Homily – October 18, 2020

XXIX Sunday in Ordinary Time
Year A

“Give to Caesar what belongs to Caesar and to God what belongs to God.” We have to understand something in this scenario – and who is involved. The Pharisees are the religious leaders of the time. They despised Roman occupation and thought it a threat to their way of life. The Herodians were more devious, thinking it better to align themselves with the Romans for security of their own position. They hated one another. Yet, they unite here to target Jesus in a political debate. If He says – yes it is lawful to pay the census tax then He comes across as a Roman sympathizer. If He says no, He could be cited for rebellion. His response is remarkable: “give to Caesar what belongs to Caesar and to God what belongs to God.” It is the Emperor’s image on that coin, it is his inscription, which also had overtly religious claims – a grave offense against the Jewish faith. Nevertheless, Jesus seems to suggest that being a faithful citizen, meeting legitimate demands of life in the public square, participating in government is not opposed to religious beliefs and one’s duties and obligations as such. But this is not all that His response reveals. Jesus implicitly subordinates Caesar’s claims to that of the true God, the only God … Which brings us to the question – what then, belongs to God? If the coin bears the image of Caesar with his inscription, it belongs to him … what bears God’s image? Human beings do …

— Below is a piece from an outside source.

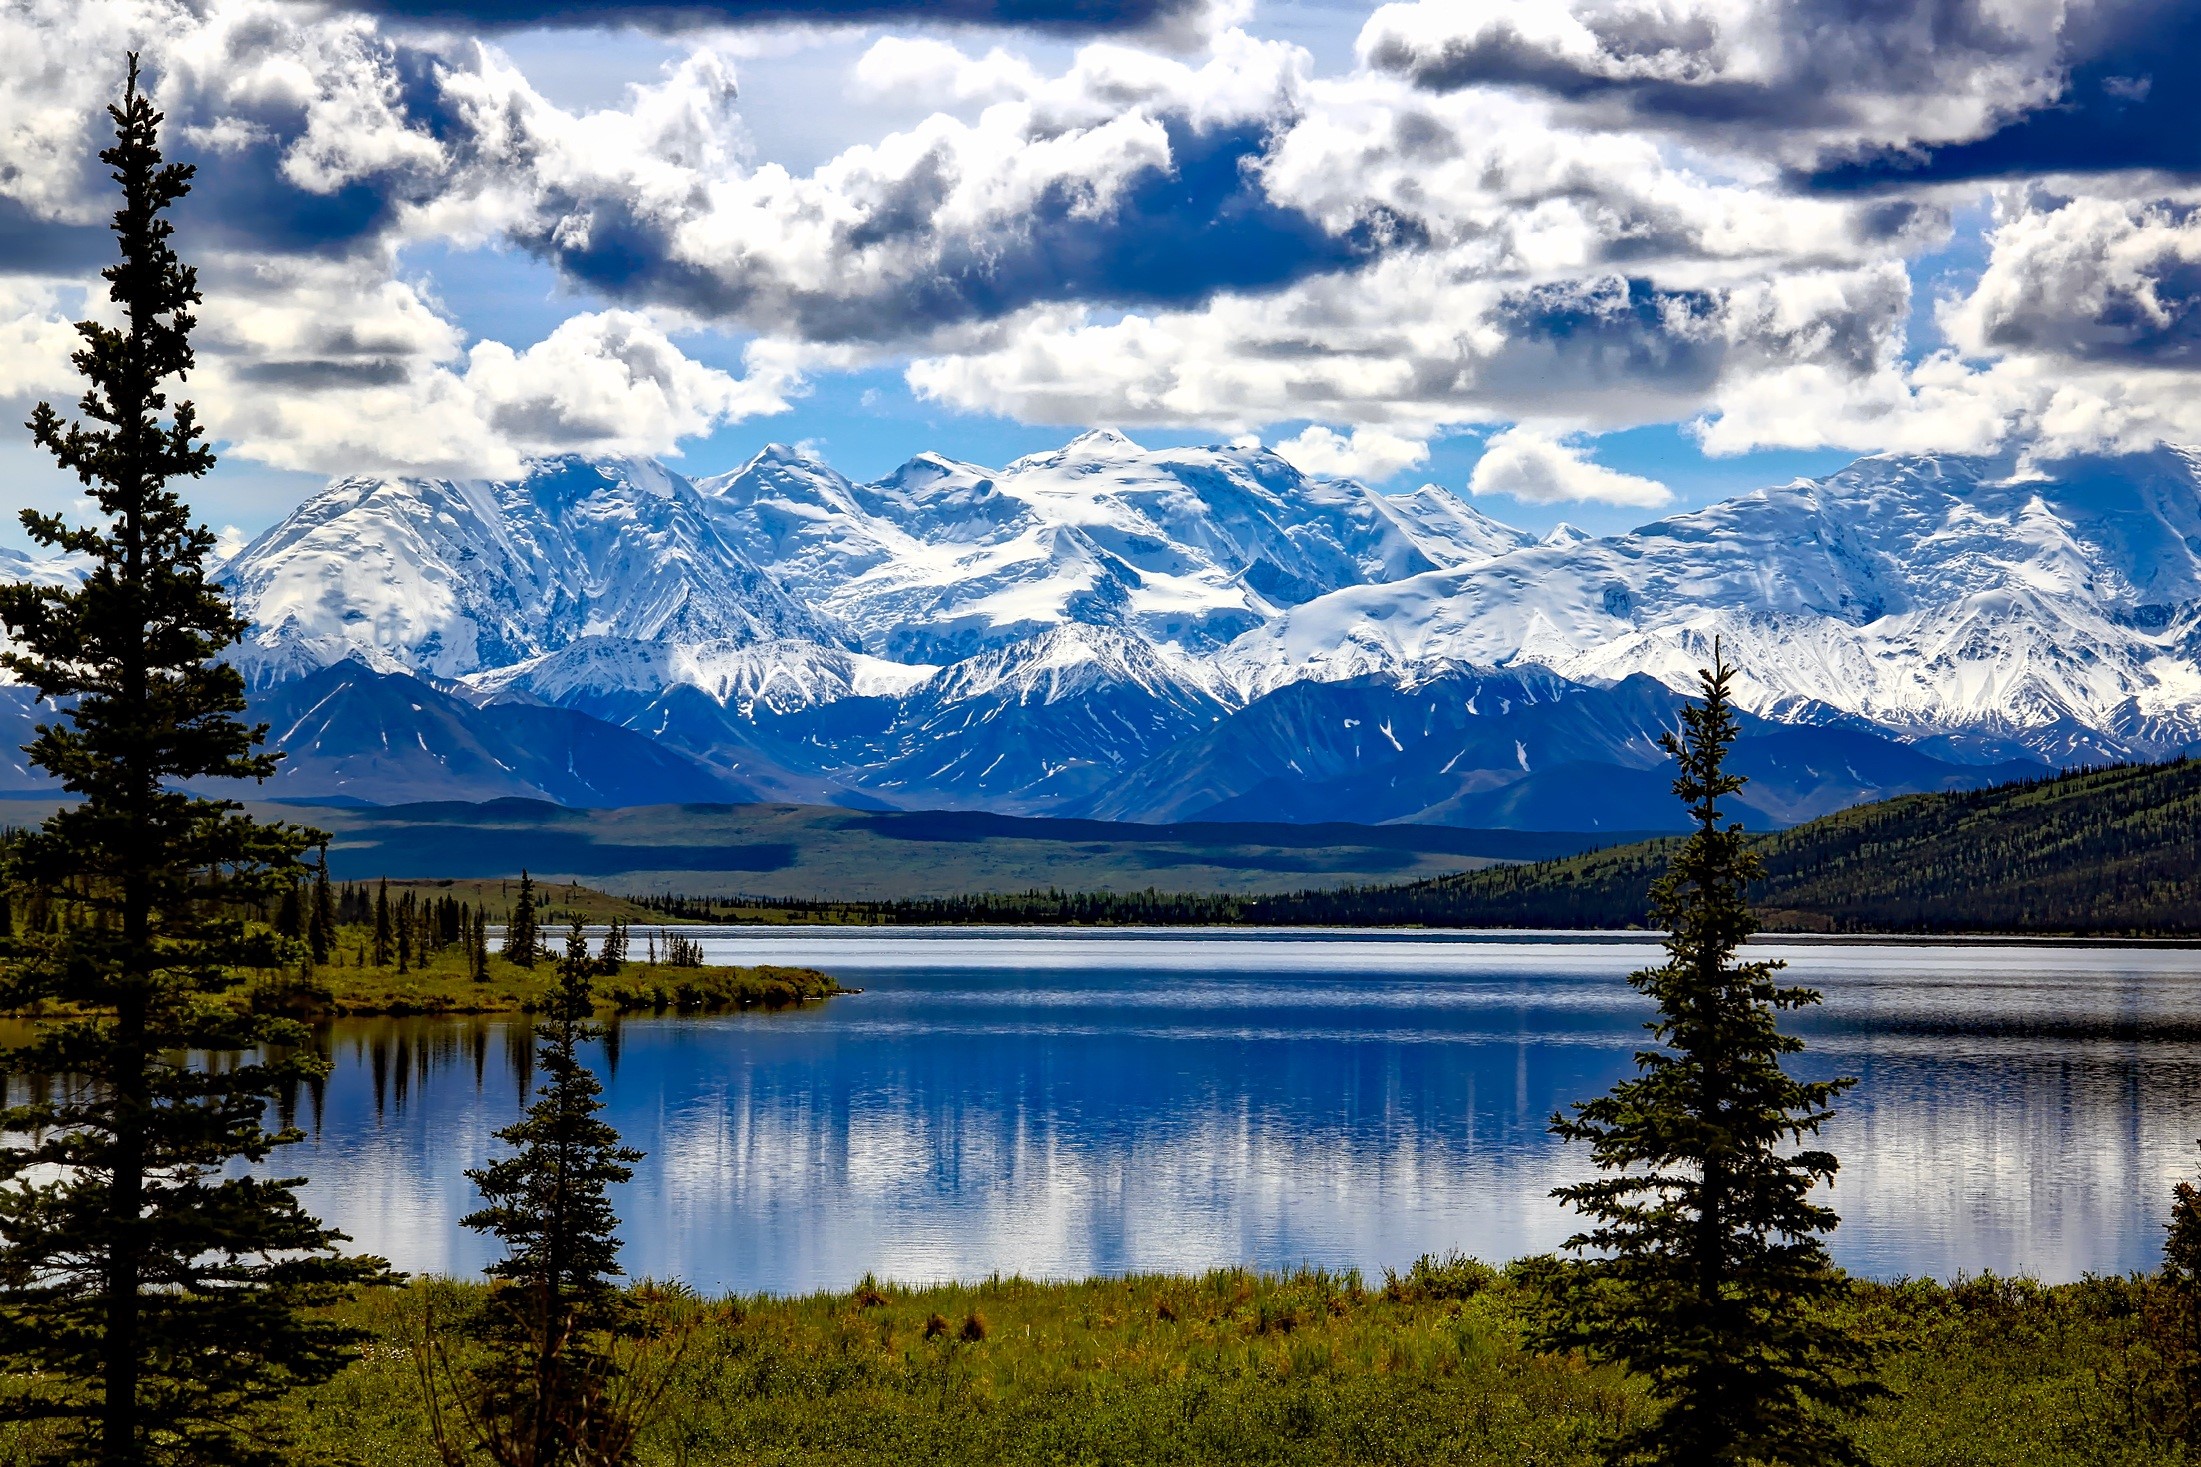 Denali national park in Alaska

Thus, we come to meaning behind Jesus’ words … Our allegiance is not owed to any one political figure … our highest priority is human life because every man, woman and child bears the image of God – regardless of race, nationality or citizenship, whether born or unborn – we bear a responsibility to one another as human beings created in God’s image and likeness. How, therefore, we engage in political debate, how we conduct ourselves in the public square must reflect this as our highest priority.

If I hold up a one dollar bill – whose image is on that bill? George Washington … And on a $5 – Lincoln … and a $20 – Jackson … $50 – Grant … All of whom represent the governance of a nation. Using these various forms of paper we are able to buy, sell, trade, bargain … using these helps bolster our economy, puts food on our tables, clothes on backs, roofs over our heads … the heat on in church! Nevertheless, the images on these bills, our participation in the economy and in civil discourse does not in any way hinder our ability to practice our faith, to be wholly devoted to God. We ought to be able to engage in political discourse over climate change, tax reform, healthcare and so on without ever having to worry about hatred, division, and attacks on our religious beliefs and of our ability to worship freely. At the same time, however, our religious convictions ought to help shape and form our conscience so that when we have these discussions, when we make decisions, we do so with an eye to that which is eternal, in such a way that puts God first among the priorities of our lives. Our political allegiances, therefore, are secondary to our faith since politics and political figures cannot save our souls.

The images on these bills paints a picture of the history of a nation and there is certainly something to be said for our loyalty to the founding principles that continue to be driving force behind the governance of our country … yet, we must remember that while our earthly dealings are important, we will be judged on how we cared for one another, on how we protected and defended the sanctity of human life … on how we love God and neighbor – as the psalmist so rightly notes: “say among the nations, the Lord is king!”